Care can thus clearly be approached from a wide range of perspectives and at its most expansive may be defined as,

everything that we do to maintain, continue and repair our world so that we can live in it as well as possible. That world includes our bodies, ourselves and our environment, all of which we seek to interweave in a complex, life-sustaining web. (Fisher & Tronto Citation1990: 40)

In her recent book, Matters of Care, Puig de la Bellacasa highlights three dimensions: labour/work, affect/affections, and ethics/politics, which are not neatly integrated and that are often in tension with one another, thus illuminating the ‘ambivalent terrains of care’ (Citation2017: 5). In relation to the focus of this special issue, Puig de la Bellacasa's perspective is particularly instructive with regard to the iconic discussions surrounding the dramatic rise of domestic worker migation in Asia in the 1980s, which came to open up a transnational space of inquiry.

Initially, influential research came to highlight the commodification and political economy of women's care work in the context of global inequality through the focus on global care chains and deficits (Hochschild Citation2000; Yeates Citation2004). Work in that area has increasingly attended to the ways that care regimes are shaped both by increasing demand for care and domestic workers and by different systems that seek to promote, regulate and control the movement of people who provide that care (Rodriguez Citation2010; Michel & Peng Citation2017). Scholars have also attempted to nuance this perspective both by attending to shifting gender dynamics that include men and masculinity (Pingol Citation2001; Johnson Citation2017; Locke Citation2017) and by moving beyond the dyadic focus on chains and labour, for instance highlighting the ‘circulation’ and ‘asymmetrical reciprocal exchange’ of care within transnational families that have developed with increasing migration flows (Baldassar & Merla Citation2014: 6, see also Nguyen et al. Citation2017). There has thus been a growing recognition that migrants, women and men, are both providers and recipients of care across a complex transnational landscape.

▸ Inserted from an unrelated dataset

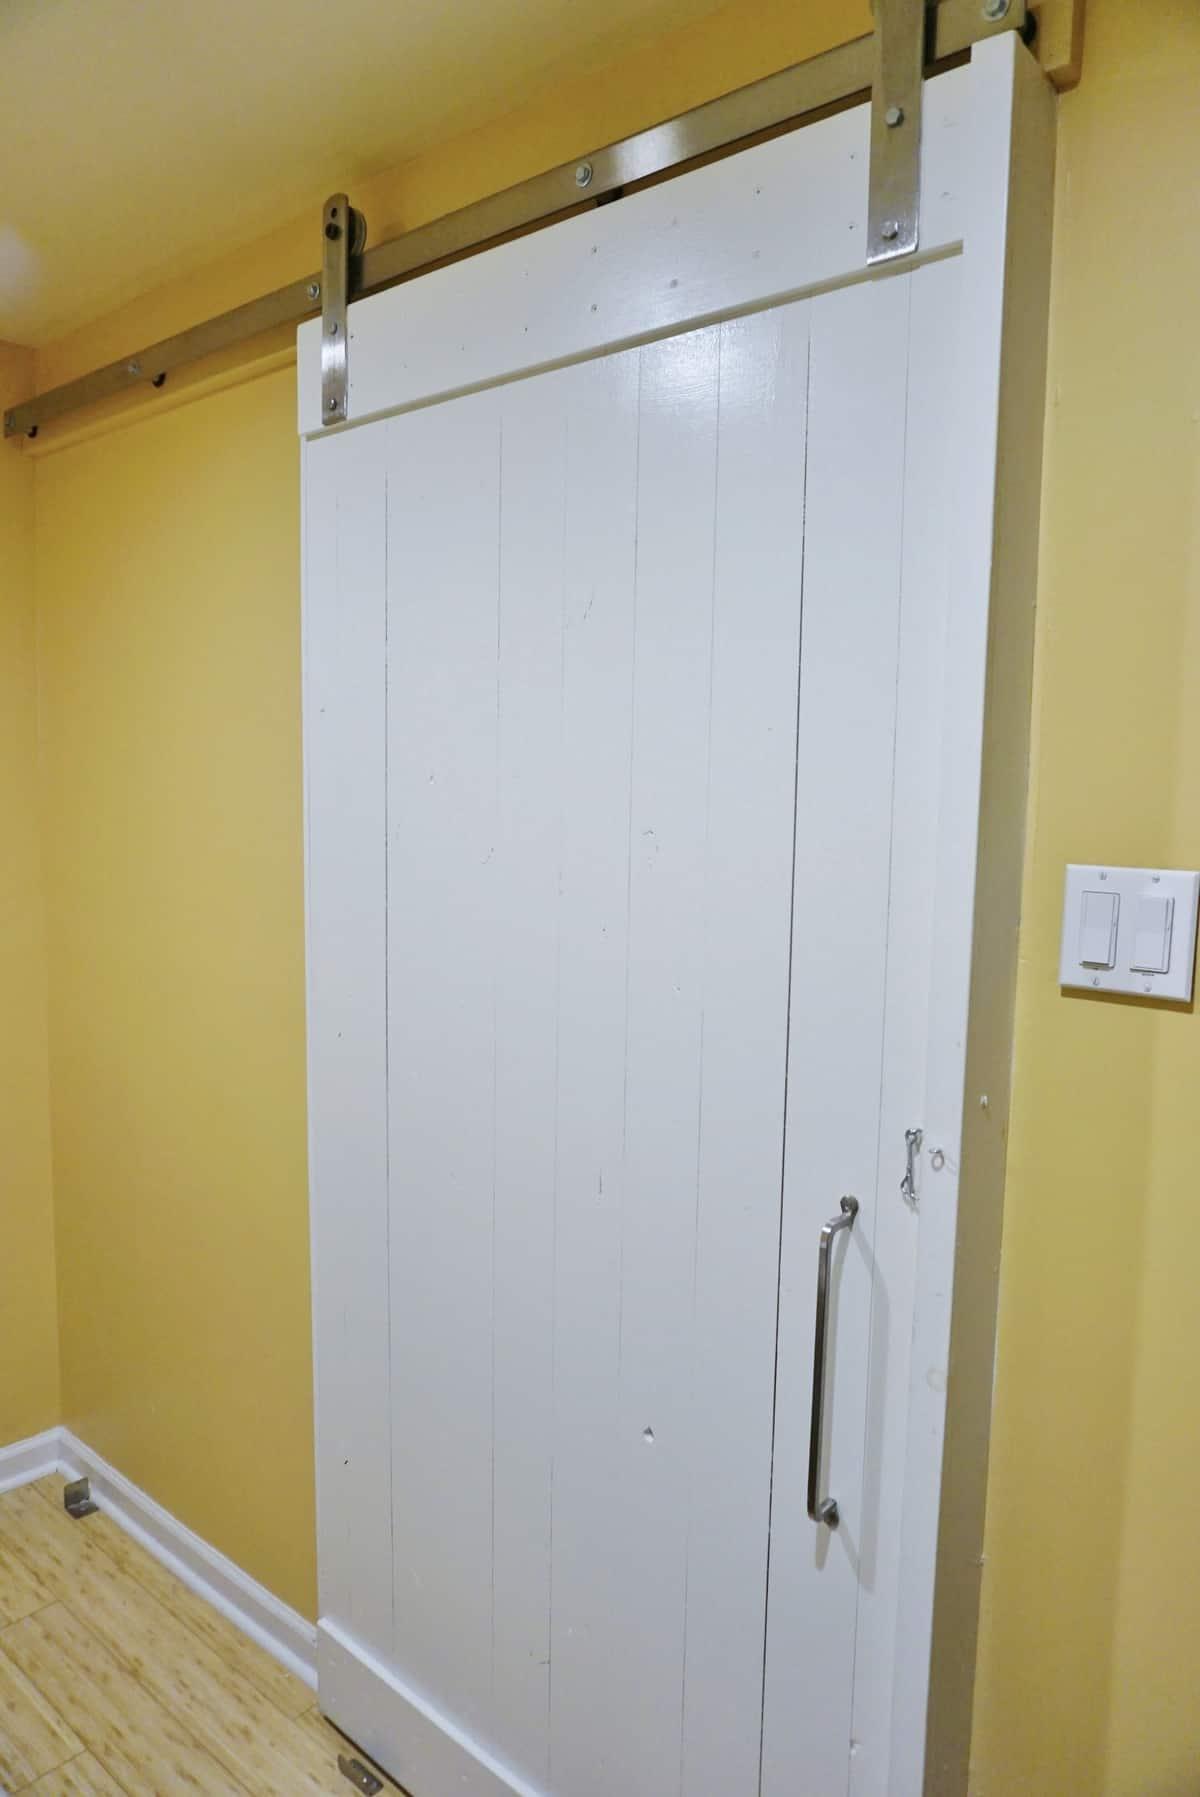 Chic Barn Door Saves Space

In other words, rather than focusing on either care chains or the circulation of care, the articles in this special issue attempt to retain the ambivalent terrains of care and control through an ethnographic approach that does not take these concepts for granted. The specific ethnographic approach put forward here draws together three methodological strands, as follows: First, it follows feminist theorising that challenges presumed universal definitions and instead posits an ethics of care as arising within, rather than preceding, the particularities of people's everyday practices and relations (Walker Citation2007). This is akin to a shift of attention that Borneman has identified, away from reified categories such as gender and kinship ‘to a concern for the actual situations in which people experience the need to care and be cared for and to the political economies of their distribution’ (Citation2001: 43).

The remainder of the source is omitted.